Computer Science Stack Exchange is a question and answer site for students, researchers and practitioners of computer science. It only takes a minute to sign up.
Sign up to join this community
Rice theorem says that any non trivial property of a language recognized by a Turing Machine is undecidable.
Now does this theorem applies to machines as well since we can define a language consisting of strings which are encoding of machines?
For example whether a machine will run more than 100 steps on some input? This is nontrivial but wikipedia says it is decidable.
The Rice's theorem can also be stated in terms of index sets of TMs.
Lets start with a basic definition of a property of a language. A property of a language is a set of languages. For example $$P_{reg} = \{L \mid L \text{ is regular } \}$$ and $$P_{fin} = \{L \mid L \text{ is finite } \}$$ are properties of languages.
We also define a language of indexes as $$L_P = \{\langle M \rangle\ \mid L(M) \in P\}$$ In simple words, a set of TM indexes such that the language recognized by $M$ belongs to the property $P$. Now, the Rice's theorem states that if $P$ is nontrivial then the problem whether $n \in L_P$ is undecidable, i.e., $L_P$ is undecidable.

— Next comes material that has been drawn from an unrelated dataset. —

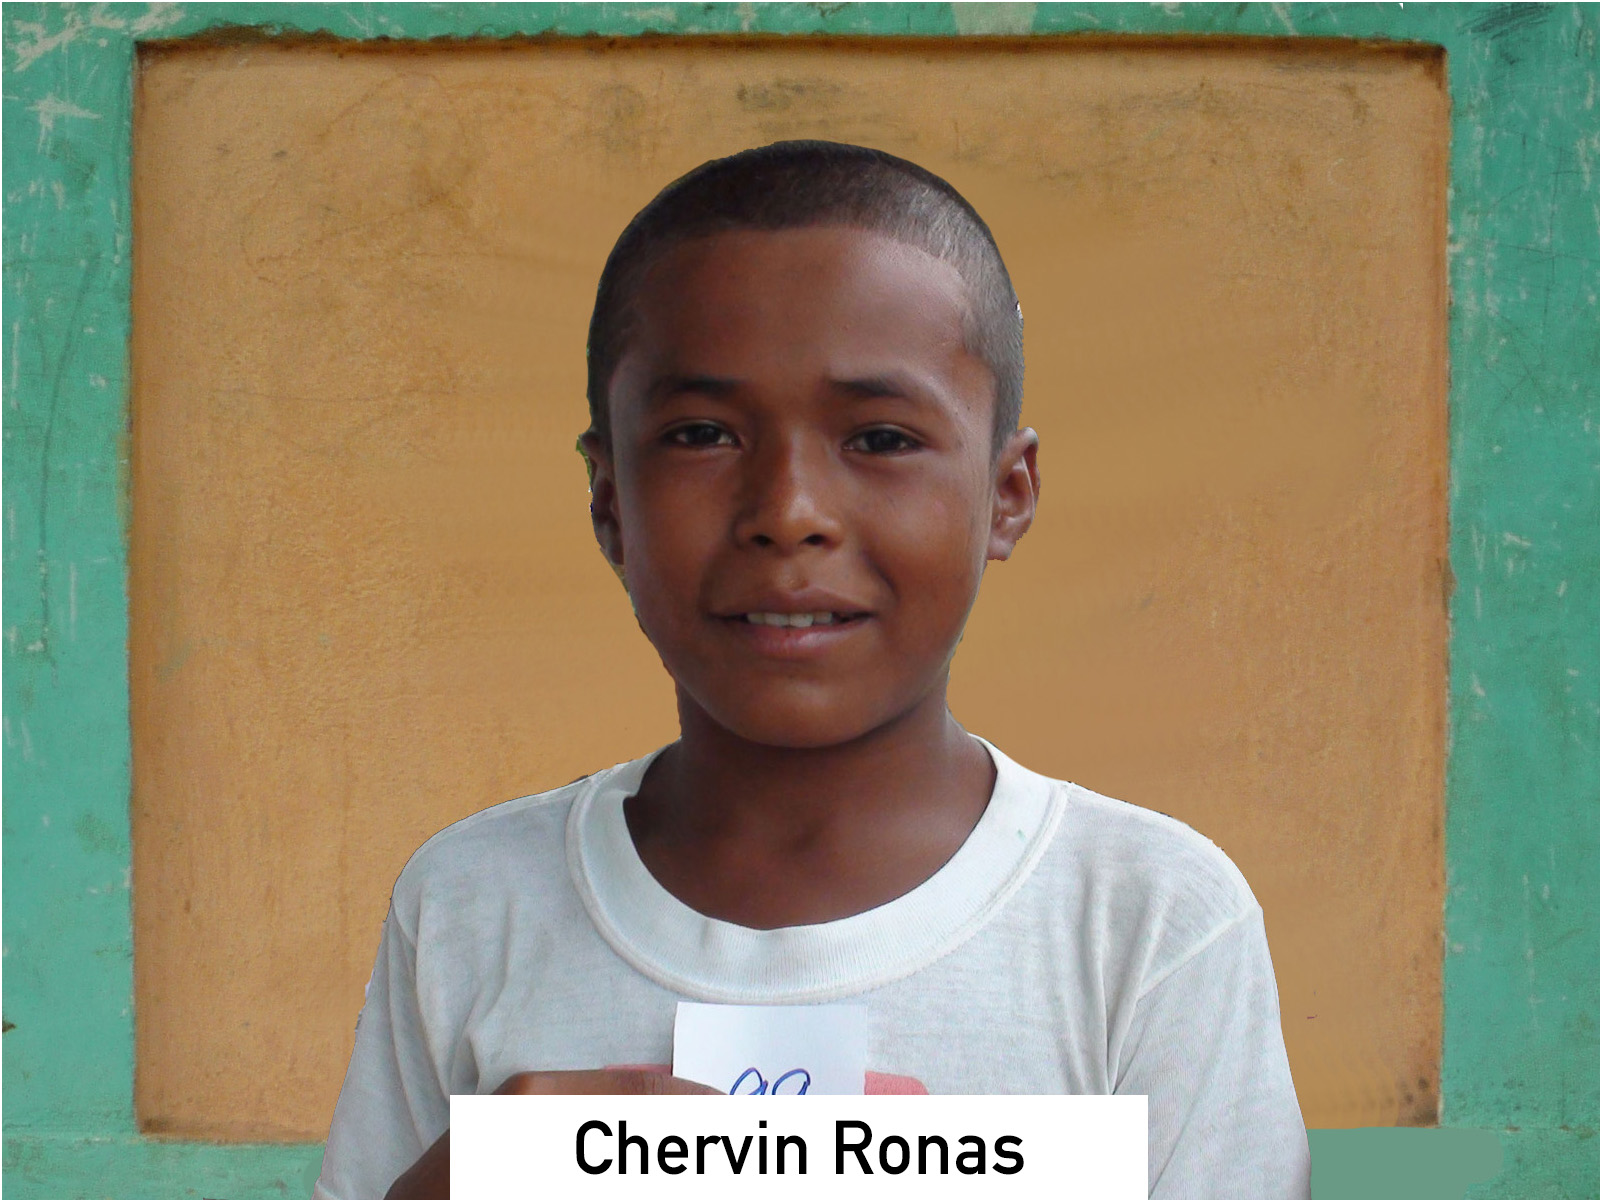 099 - Chervin Ronas.jpg

However, we cannot apply it to the following sets $$L_1 = \{\langle M \rangle\ \mid M \text { has } 5 \text{ states} \}$$ and $$L_2 = \{\langle M \rangle\ \mid M \text { never writes to the tape} \}$$ since they talk about properties of Turing machines and not languages (we cannot say a language $L$ has 5 states). They may be decidable or not which may be proved the other way (not using the Rice's theorem). For example, $L_1$ is decidable since you simply count the number of states of a TM.
So, the answer to your question
does this theorem applies to machines
depends on what set of TMs you are talking about. If this is a set of TMs whose recognizing languages belong to some nontrivial property of a language then the answer is "yes", otherwise the answer is "no".
Rice's theorem talks about the decision problem associated to a set of computable functions. There isn't a unique correspondence between computable functions and Turing machines, consider for example a machine that always returns $YES$ and a machine that does nothing for 100 steps and then returns $YES$.
You may apply Rice's theorem to a set of machines $S$ if $S$ is such that for all $x, y$:
$\qquad (M_x \in S \wedge \phi_x = \phi_y) \rightarrow M_y \in S$
where $M_z$ is the $z$-th Turing machine in any Goedelization and $\phi_z$ is the function computed by the $z$-th Turing machine.